In this case the admonition “if you can’t say something nice about someone then don’t say anything at all” seems to be the lesson he missed. That isn’t morality or tolerance but simple etiquette.
Today’s lesson version is stay off twitter and facebook.

I try to model compassion and tolerance and solid morals for my girls. They are wonderful young woman and I’m sure it didn’t hurt that I found these things to be important, but I’m not sure I can take credit for my kids either. My upbringing was very different from how I raise my kids and I turned out the opposite of what my parents had hoped/expected.

I don’t think that having pride in one’s heritage is necessarily incompatible with compassion, morality, and tolerance. You simply have to realize that other people can have pride in their heritage, too, even though it’s different from yours.

And I don’t think parents trying to teach values is worth much. But how parents live their lives is. Kids learn much more from what you do than what you say.

Anyone who follows the news these days is painfully aware that morality can be interpreted subjectively, and that can significantly influence one’s views on who and what they have compassion and tolerance of/for.

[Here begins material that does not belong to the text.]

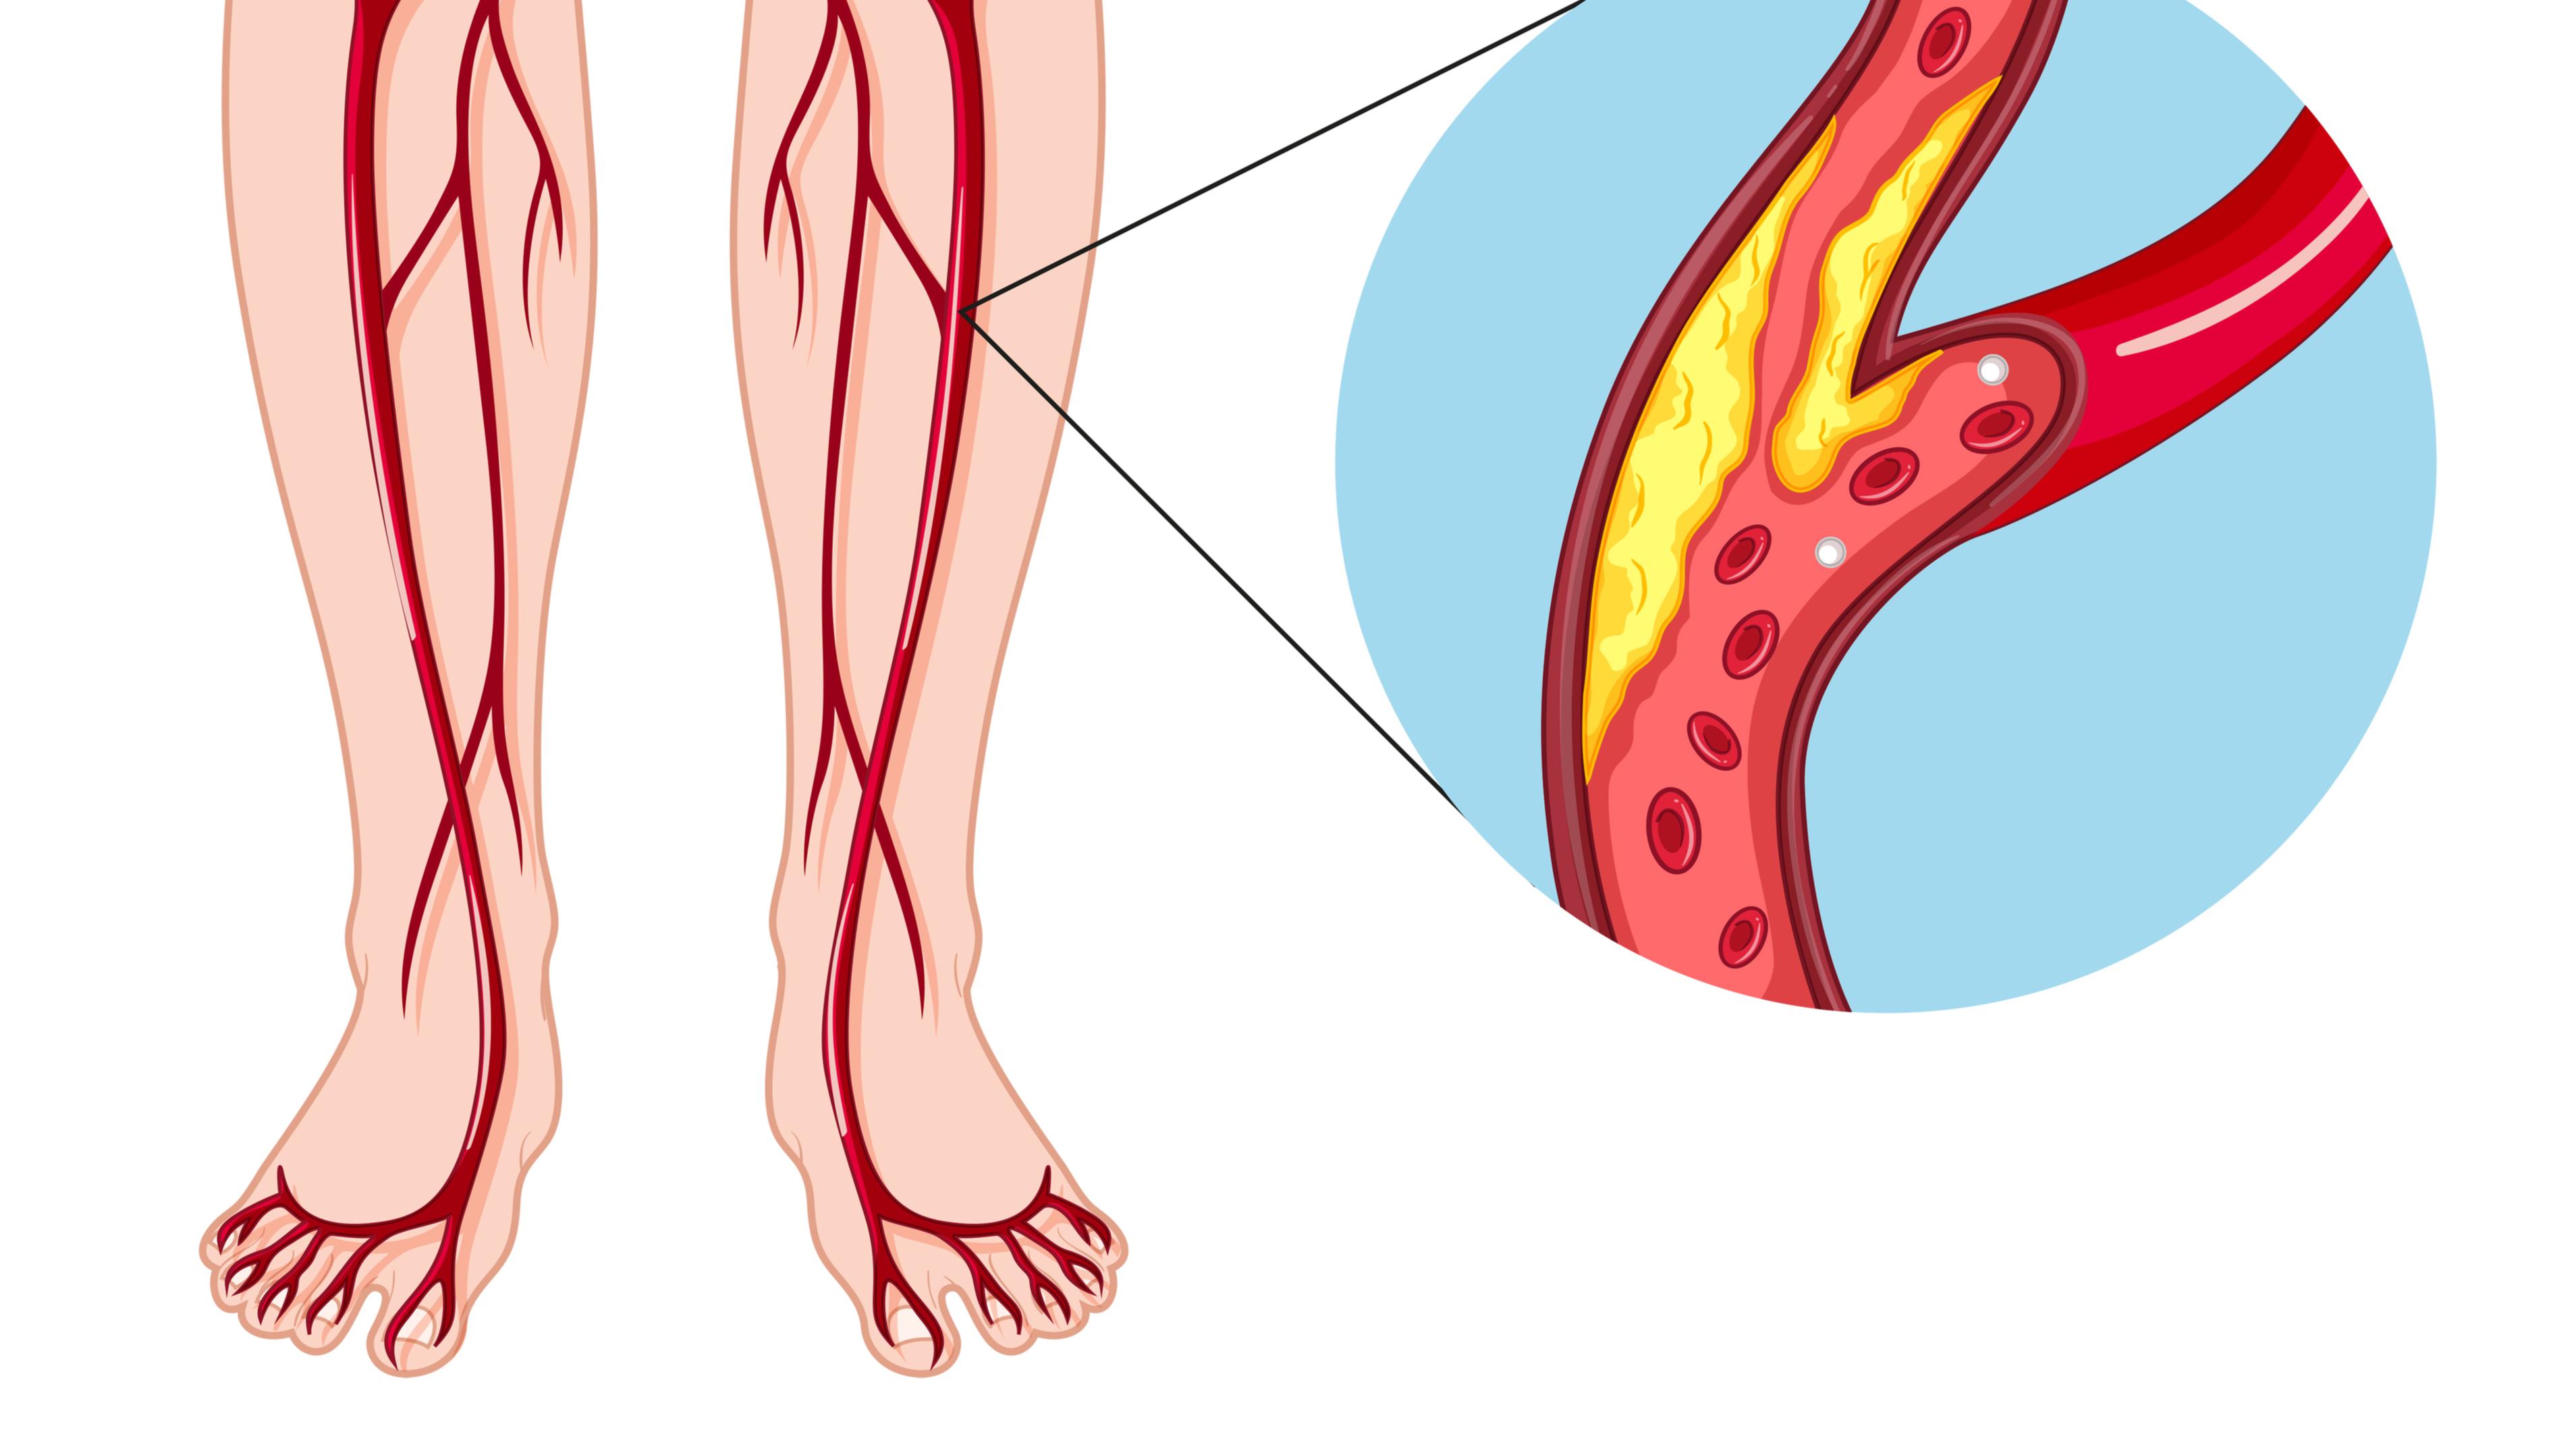 Заболевания артерий вен. Облитерирующий атеросклероз вен нижних конечностей. Облитерирующий атеросклероз сосудов конечностей. Облитерирующий атеросклероз сосудов ног. Атеросклероз артерий нижних конечностей.

For instance, if one believes interracial marriage is immoral, then what they believe should be tolerated is probably going to be significantly influenced by that belief. If a baker is sued for refusing to make a cake for a same-sex marriage ceremony, ones views on gay marriage is going to have a significant influence on which parties they feel are being discriminated against and who they have compassion for.

Gosh, @gouf78 I don’t know about that. If I thought my kids were even entertaining the use of that kind of language, not just the one word but the attitudes towards women, Jews, etc., it wouldn’t be okay if they just didn’t “say” those things, while thinking them. So I vehemently disagree that it’s just “etiquette.”

To answer the question, we embedded discussion of values and how to treat others into every thing we did and said with our kids. We always emphasized empathy, kindness, and respect. And luckily, it took with both of them.

Indeed, Jonathan Haidt’s *The Righteous Mind/i is about differences in moral values and how they relate to political beliefs. He mentions various moral axes of care/harm, liberty/opperssion, fairness/cheating, loyalty/betrayal, authority/subversion, sanctity/degradation and compares how liberals, libertarians, and social conservatives value each one (see page 13 of https://www.righteousmind.com/wp-content/uploads/2012/08/Figures-for-The-Righteous-Mind.pdf ).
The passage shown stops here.